_EXERCISE BRIEF_
Within the material below, find each line bearing the word "voltage" and present it.

_SUPPLIED DATA_
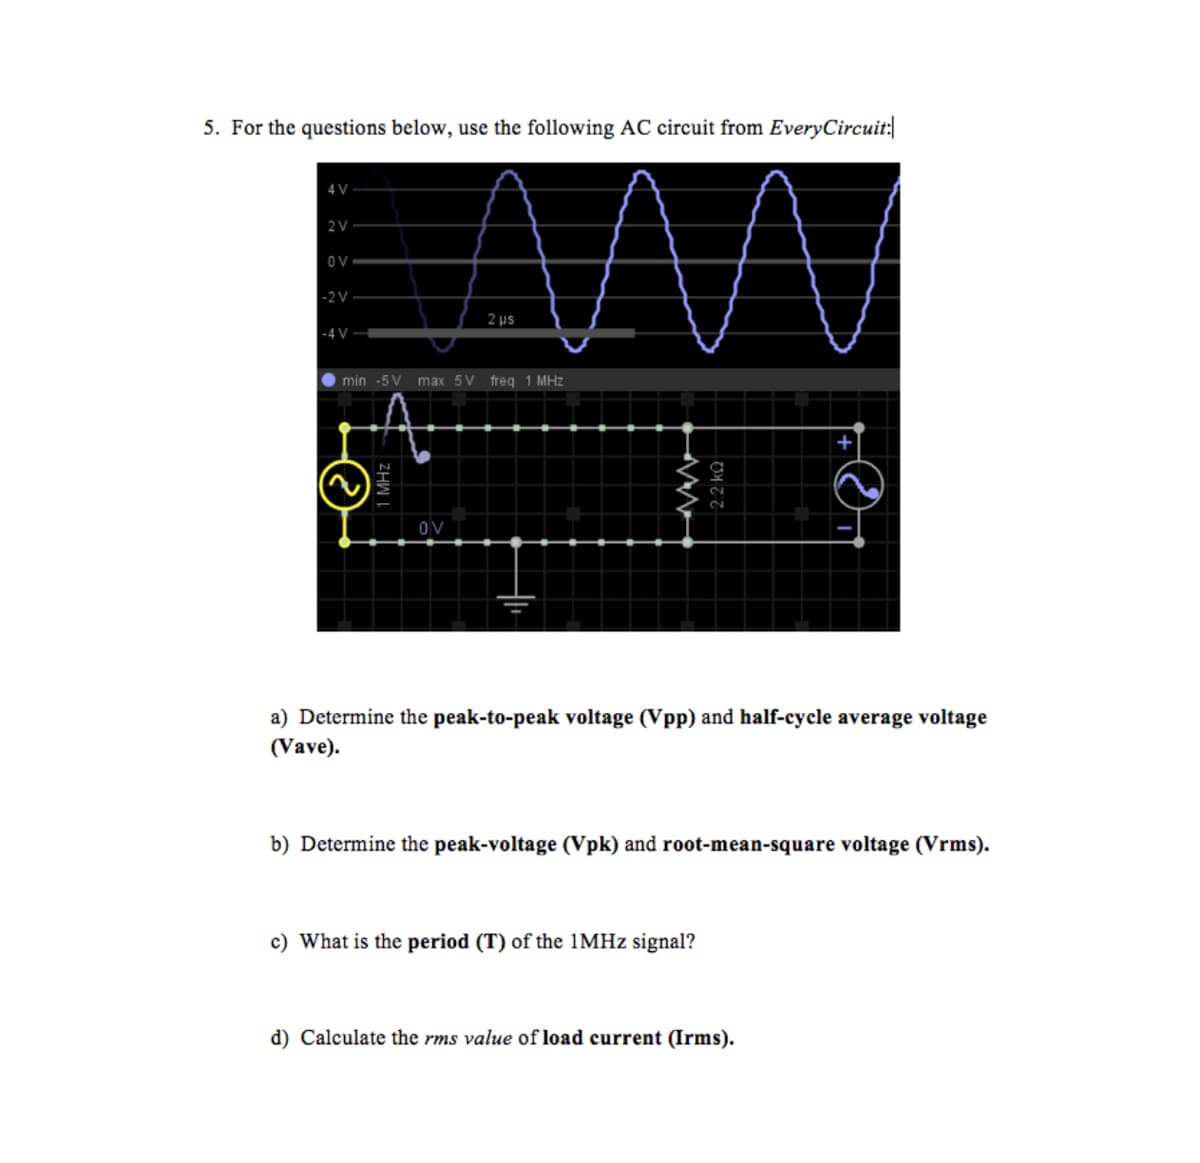 5. For the questions below, use the following AC circuit from EveryCircuit:|
4 V
2 V
OV
-2 V
2 µs
-4 V -
min -5 V max 5V freq 1 MHz
OV
a) Determine the peak-to-peak voltage (Vpp) and half-cycle average voltage
(Vave).
b) Determine the peak-voltage (Vpk) and root-mean-square voltage (Vrms).
c) What is the period (T) of the 1MHZ signal?
d) Calculate the rms value of load current (Irms).
2.2 ko
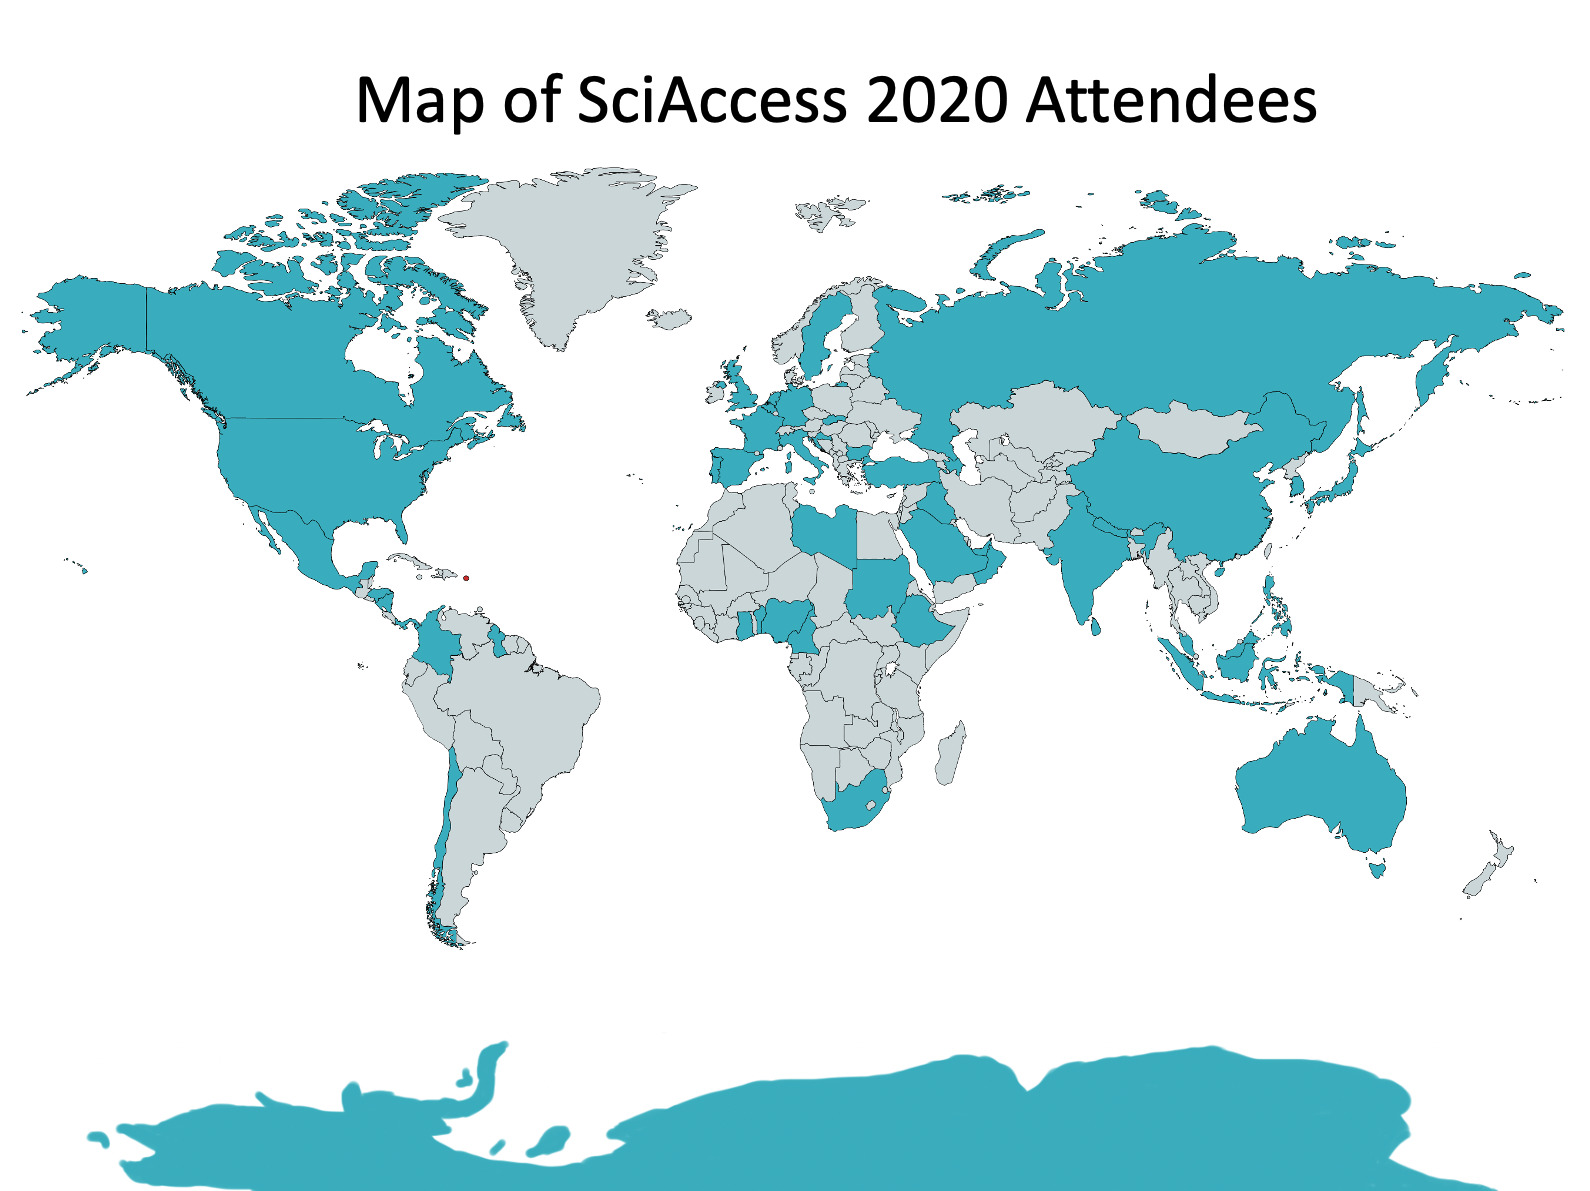 Shown in blue are countries in which participants attended SciAccess 2020 from, including several neutrino scientists in Antartica.
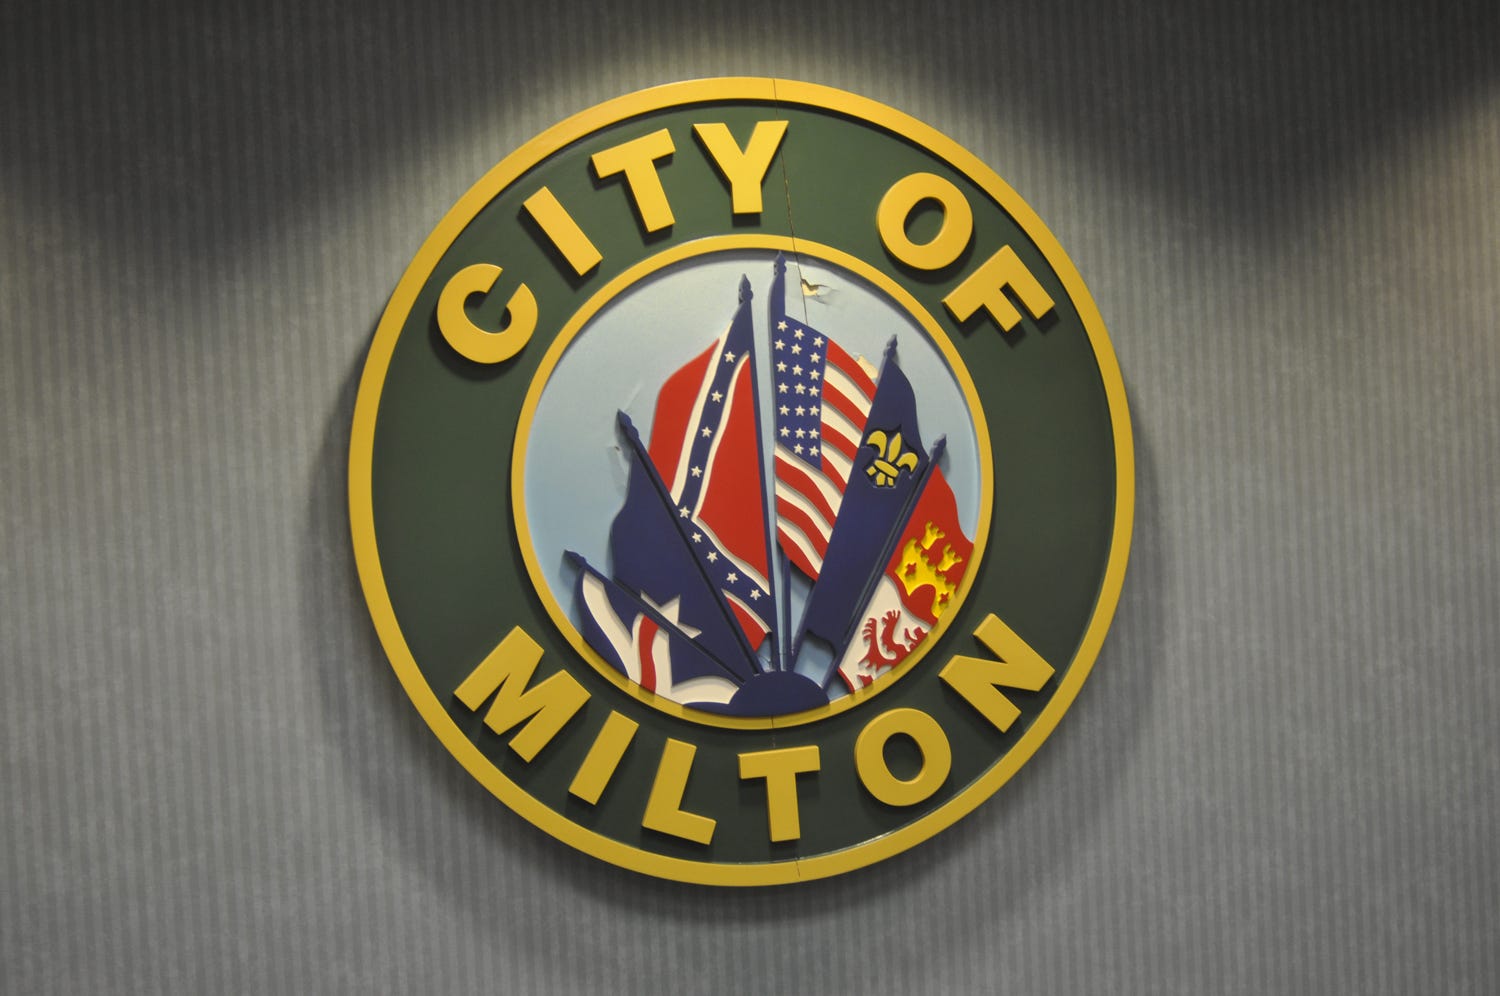 Members of the Milton City Council and Mayor Wesley Meiss shared different views when it came to the Florida Department of Transportation options in order to alleviate traffic congestion along U.S. Highway 90 during Tuesday night’s regular council meeting.

_TASK OUTPUT_
a) Determine the peak-to-peak voltage (Vpp) and half-cycle average voltage
b) Determine the peak-voltage (Vpk) and root-mean-square voltage (Vrms).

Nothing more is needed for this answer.